From Positions Defined, by Josiah Warren, Founder of Modern Times: An impression is abroad…that the “Equity movement” is characterised by an unusual latitude in the Marriage relations–I as one, protest against this idea. ‘The sovereignty of every Individual” is as valid a warrant for retaining the present relations, as for changeing them; and it is equally good for refusing to be drawn into any controversies or even conversation on the subject. I find no warrant in my ‘sovereignty’ for invading, disturbing, or offending other people, whatever may be their sentiments or modes of life, while they act only at their own Cost, and would reiterate in the most impressive possible manner that the greatest characteristic of this movement is its “INDIVIDUALITY”–that the persons engaged in it are required to act entirely as INDIVIDUALS–not as a Combination or Organization. That we disclaim entirely, all responsibility for the acts, opinions, or reputations of each other. These principles of Equity are as broad as the universe, embracing every possible diversity of character. I therefore do not look for conformity, and therefore repudiate all combined or partnership responsibilities…. –Village of Modern Times, Aug. 1853

The “free love” utopian colony of Modern Times was founded in 1851 by Josiah Warren, a Boston-born reformer and nonviolent anarchist who advocated for the “sovereignty of the individual.” He purchased over 700 acres of land on the south side of the LIRR tracks in the area that is present-day Brentwood. He laid out streets and advertised for pioneers. The colony of 100 persons settled in the new village. They cleared the land, built log cabins, and planted large gardens that became their chief means of support. In 1857, the population of Modern Times had doubled to 200 colonists.

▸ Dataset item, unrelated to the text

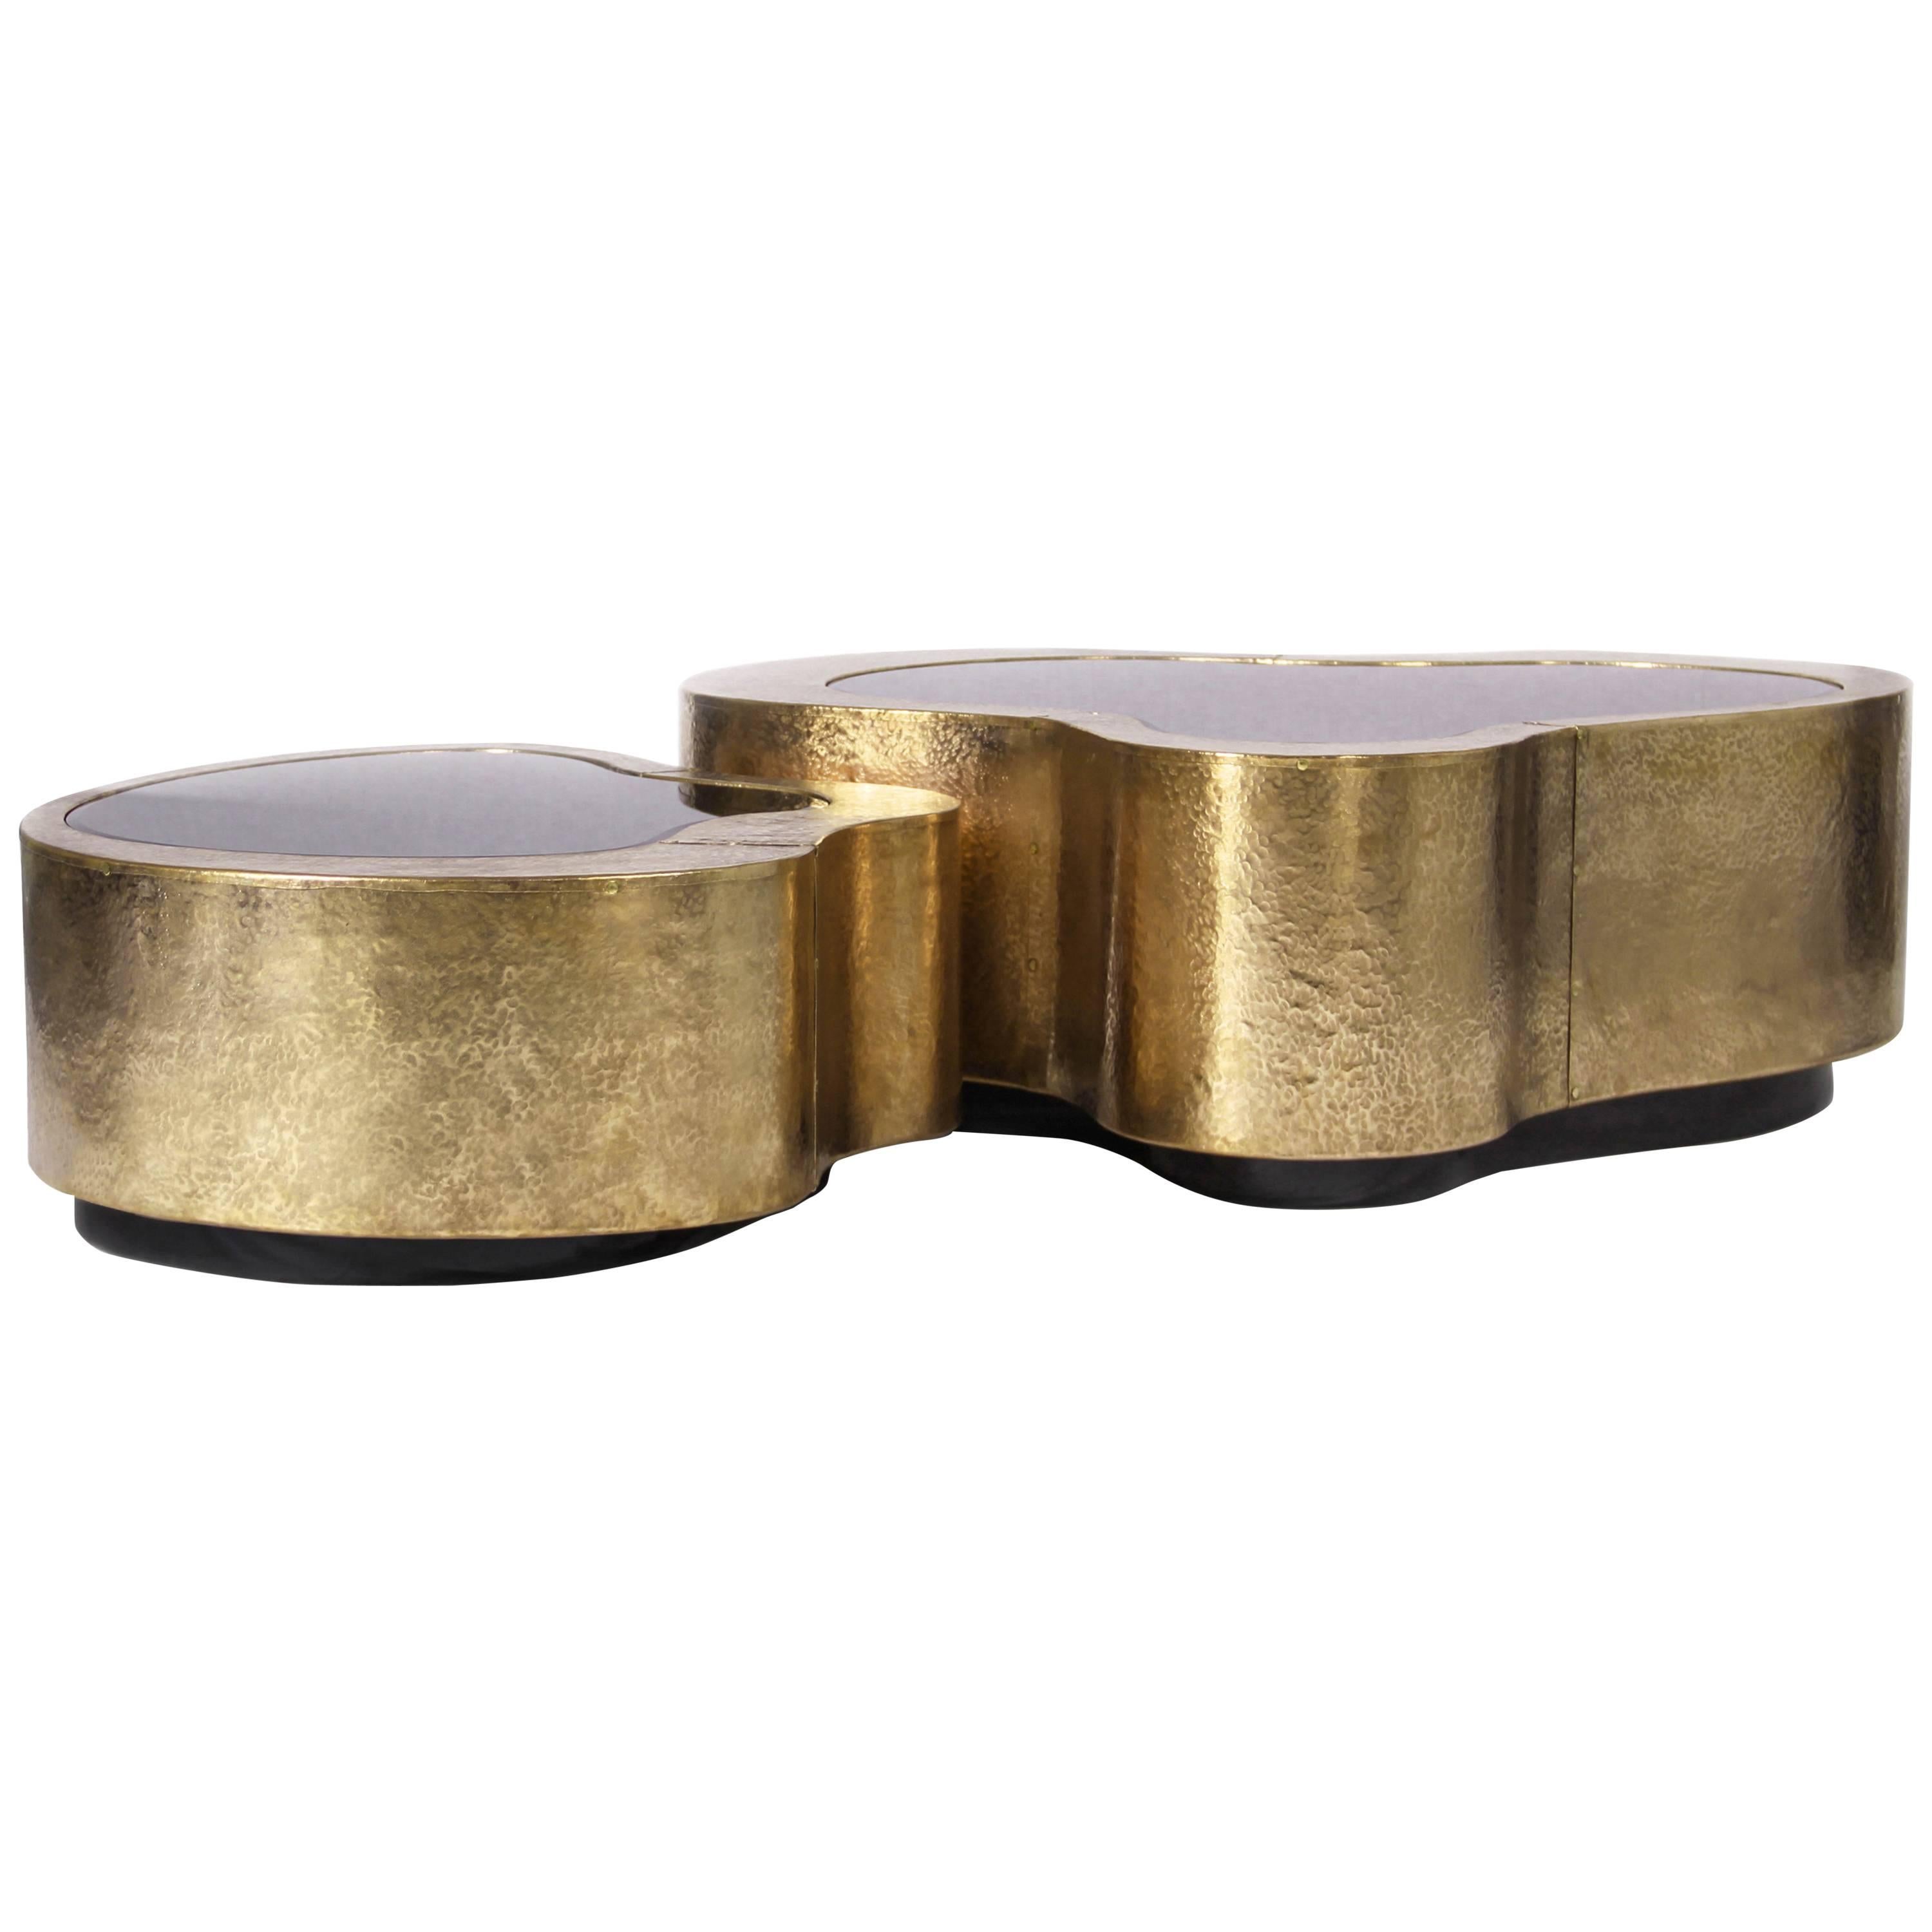 Set of Two Curvilinear Hammered Brass, Glass Center Coffee Tables from Europe
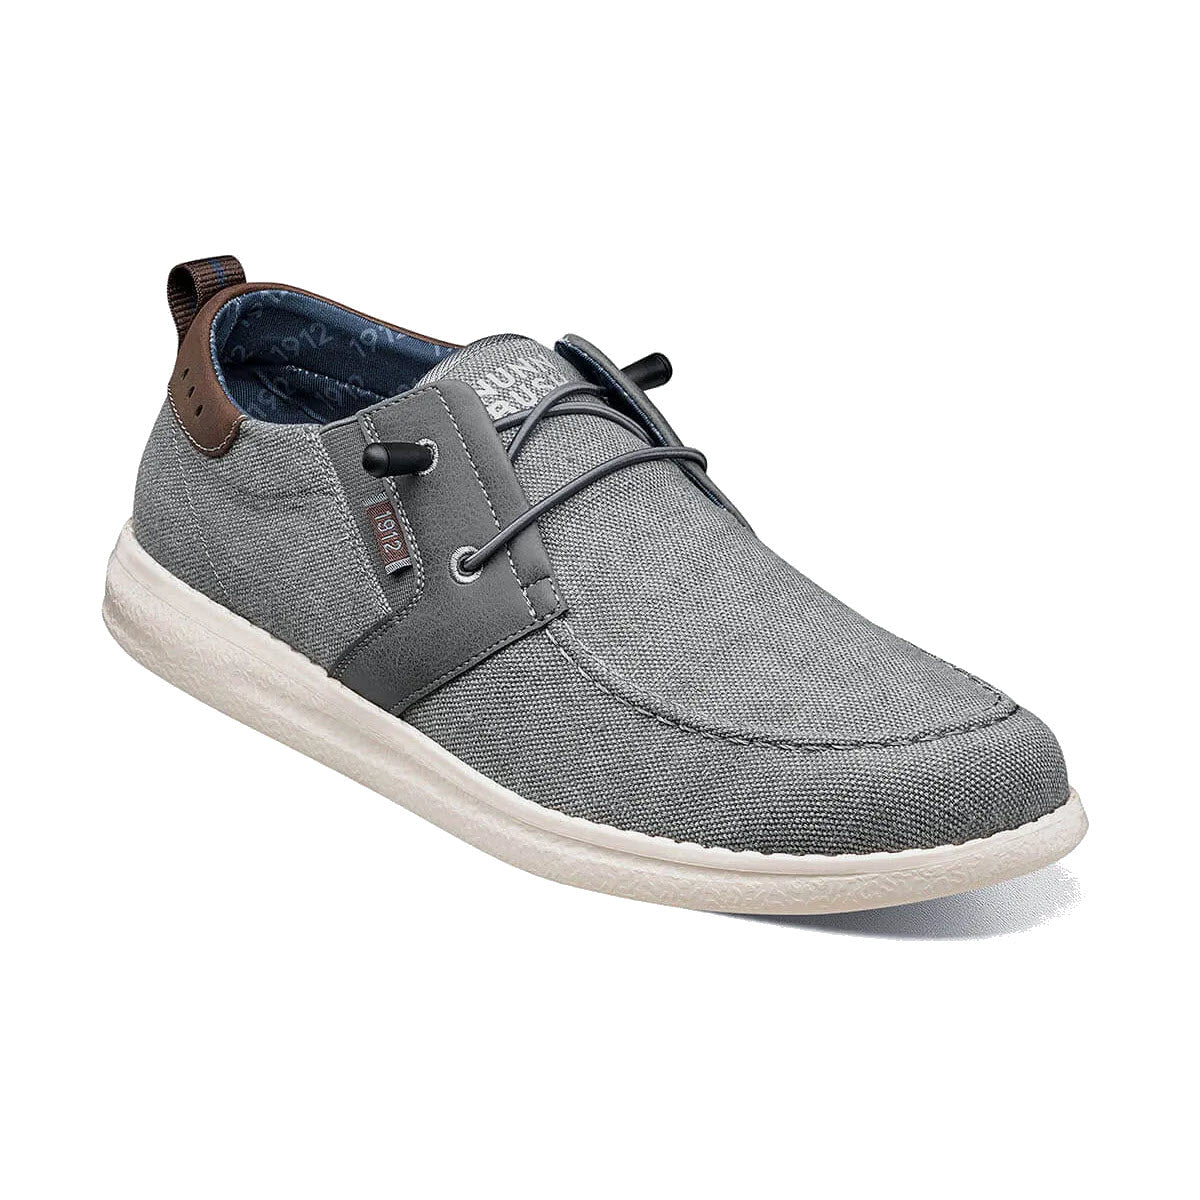 A single Nunn Bush Brewski Moc Toe Slip On Gray casual warm weather shoe with leather detailing and black laces on a white background.

Accessible via “railway or rainbow,” Modern Times had a lifespan of about one decade. Under Warren’s leadership, it was probably “the most ideal utopia of any other community in the United States, if not the whole world,” according to Verne Dyson. Dishonesty, disorder, and crime were nonexistent; there were no policemen, no prisoners, no judges, no jail. The “Time Store,” a feature of Warren’s economy, worked effectively to provide all of the food, household necessities, and clothing the community needed at cost. The only money circulated in the colony were the labor notes printed by Warren in his print shop; they were not backed by gold or silver but by a specific number of hours of honest labor.

The colony of Modern Times, surrounded by the peaceful wilderness 40 miles east of New York City, seemed to have discovered the magic formula for peace in Plato’s Republic and Thomas More’s Utopia. But internal and external forces, including the economic panic of 1857 and the Civil War, combined to destroy the colony. Warren lamented that sensational newspaper accounts and troublemakers of various kinds began to invade and disturb the peace at Modern Times:

“One man began to advocate plurality of wives, and published a paper to support his views; another believed clothing to be a superfluity, and not only attempted to practice his Adamic theories in person, but imposed his views upon his hapless children. A woman with an ungainly form displayed herself in public in man’s attire, which gave rise to the newspaper comment: ‘The women dress in men’s clothing and look hideous’….”

Warren left Modern Times shortly before the name was changed to Brentwood in the troubled Civil War period, somewhat frustrated but faithful to his theories until the end of his life. His last years were spent in Boston and with friends in Princeton, Massachusetts. In the last letter he wrote before his death, Josiah Warren vowed that “a piece of land set apart for each person who desires it [is]…the first step in civilization.”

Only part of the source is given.